On Monday the 24th of August 2015 the markets dropped by nearly 10%. If you followed even the non-financial media you’d swear the world was about to end. But that Monday had nothing on Monday the 19th of October 1987. It’s called Black Monday. On that one day, the Dow Jones index dropped by a massive 22.5%. It was the biggest one day drop in stock market history. For many it did feel like the end of the world. Now what would have happened to you if you’d put your life savings on the stock market on Friday the 16th? How different would you have been compared to someone who had a crystal ball and only put his money to work on Tuesday the 20th?

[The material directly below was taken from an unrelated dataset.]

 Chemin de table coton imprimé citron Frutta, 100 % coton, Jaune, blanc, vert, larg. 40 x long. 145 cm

Unfortunately, it’s rather difficult finding share price growth with dividends reinvested for the JSE going back to 1987. So we’ll assume you went for a dual listed share, British American Tobacco. It was the 80s after all, a heyday for smoking. British American was one of the largest stocks around, so in this hypothetical case, you put all your life savings, $100 000 onto that one share, with the aim to retire today. How much of a difference would it make if you did that on the day before Black Monday, or the day after? Well thankfully, LongRunData.com has that answer for us.

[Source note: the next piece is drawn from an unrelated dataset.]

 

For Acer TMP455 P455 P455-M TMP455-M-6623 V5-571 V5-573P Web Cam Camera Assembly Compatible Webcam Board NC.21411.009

If you’d had a crystal ball, and could anticipate this massive crash, and therefore only invested the day after Black Monday, your $100 000 would now be worth $5,077,056.47 thanks to compound interest with dividends re-invested. It really will be a great retirement indeed!
Now how about the poor fool who trusted Paul the Octopus, and put his $100 000 into the same share, but on possibly the worst day in history to invest a lump sum, the day before Black Monday, the 16th October 1987? That poor guy who had to watch 22.5% of his life savings vanish the very next working day. Well hopefully he didn’t sell that day, because today he would be worth $4,240,834.80. Sure it’s about 16.5% less than $5 mil, but do you think you’ll have any less fun in retirement with $4.24 million than you would with $5 million. Oh no, I can only have a 5 bedroom house in Clifton and not a 6 bedroom house. My Rolls won’t be the extra length version, and my young gold digger wife will only have 34C’s instead of 36D’s.
All of that is of course pure nonsense. You wouldn’t notice the difference at all. The only person who would be upset is the one who sold when the stocks were down. It really does go to show, that timing is for all practical purposes irrelevant. The unknown person who said that famous quote was spot on: It’s time in the market, not timing the market.